Fun fact: it doesn't actually take that much time without forwards
acceleration for ullage to become an issue. For example, the Saturn V included
solid-fuel rockets on the interstage between the first and second stages to
provide enough forwards acceleration for the second stage engines to ignite,
even though the gap between the first stage engines shutting down and the
second stage engines igniting wasn't more than several seconds [0, page 14].
You can see the exhaust from those motors on the outside of this video of the
Apollo 4 first stage separation [1].

Another fun fact: instead of using smaller motors to provide acceleration
between stages, (some?) Soviet rockets ignited upper-stage engines _while the
lower-stage engines were still firing_ ("hot-staging"). This is why some
soviet rockets had a lattice (or lattices) between stages instead of solid
metal.

Yet another fun fact: it doesn't take much acceleration to sufficiently settle
the fuel for ignition. The Saturn V's S-IVB stage used its equivalent of its
RCS system, which is normally used for attitude control, to settle its fuel
prior to firing for trans-lunar injection.

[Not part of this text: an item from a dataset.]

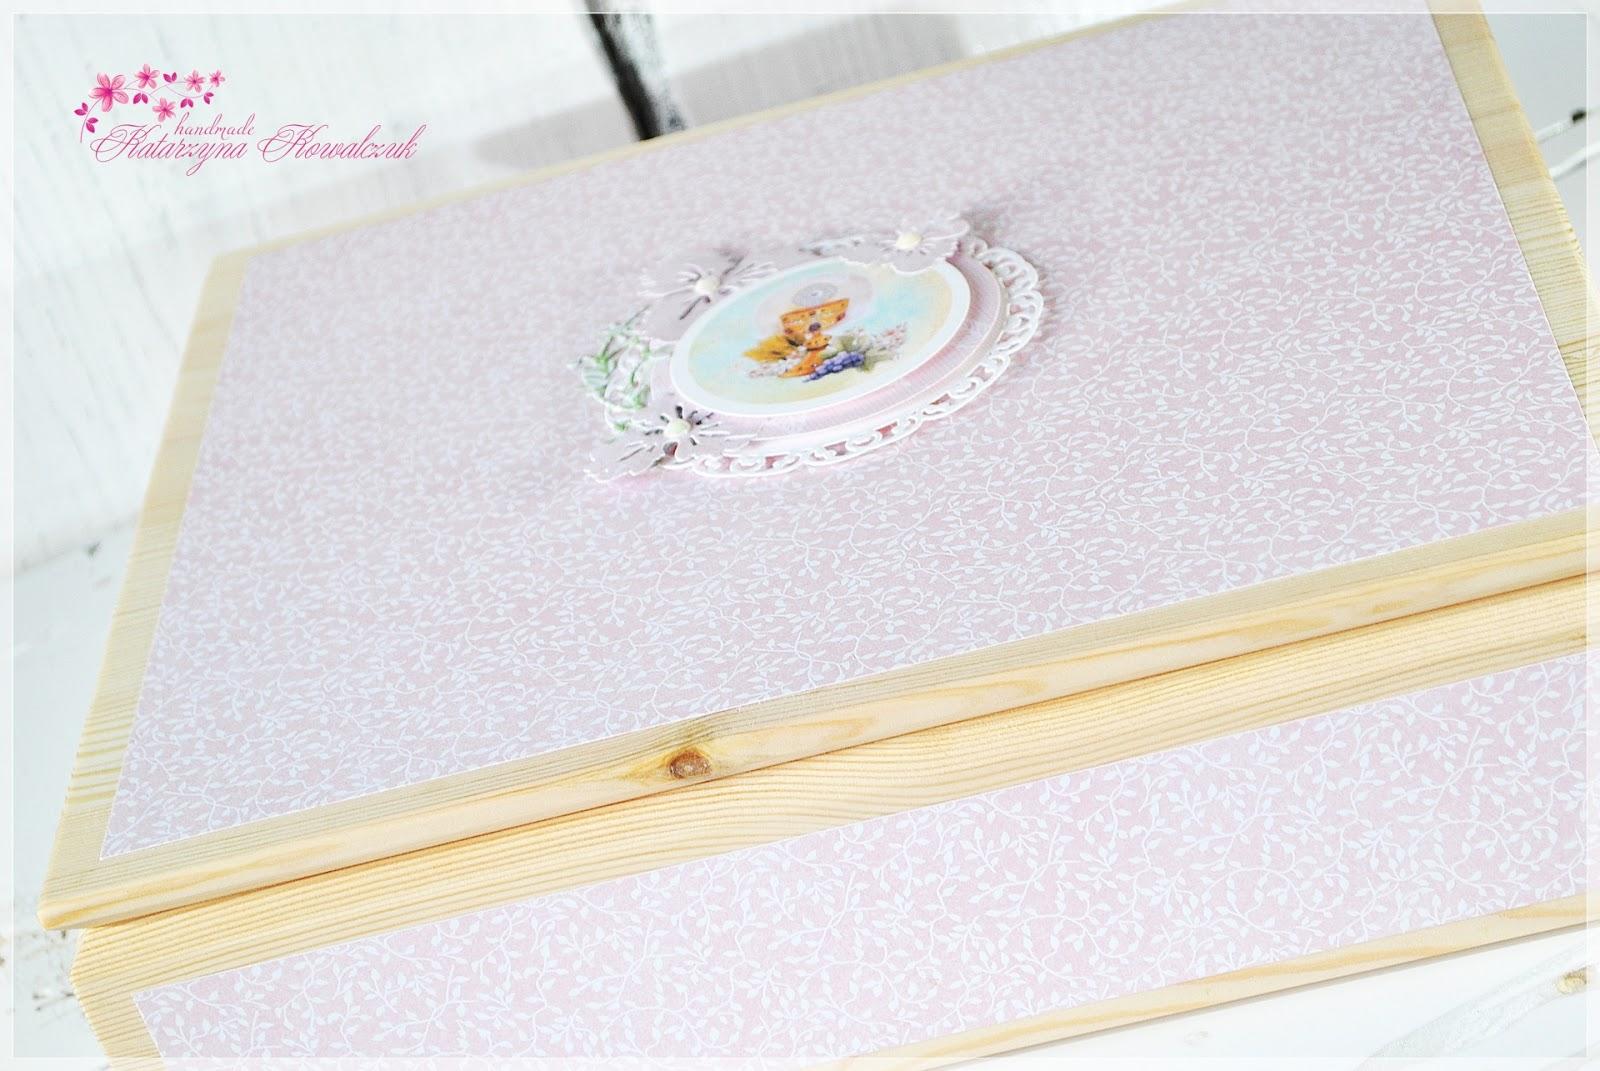 zaproszenia na pierwszą komunię święta, księga gości, drewniane pudełko

If you're interested in installing KSP mods, RealFuels includes ullage
simulation, so you'll need to have some method of providing acceleration to
get larger rocket motors to ignite reliably.

[0]:
[http://web.mit.edu/digitalapollo/Documents/Chapter5/saturnas...](http://web.mit.edu/digitalapollo/Documents/Chapter5/saturnas501.pdf)
[1]: [https://youtu.be/iJIY4n5oXjc?t=8](https://youtu.be/iJIY4n5oXjc?t=8)

Edit: Fix description of hot-staging for Soviet rockets. Some Soviet rockets
hot-staged their third stage and not their second stage, making the
description incorrect.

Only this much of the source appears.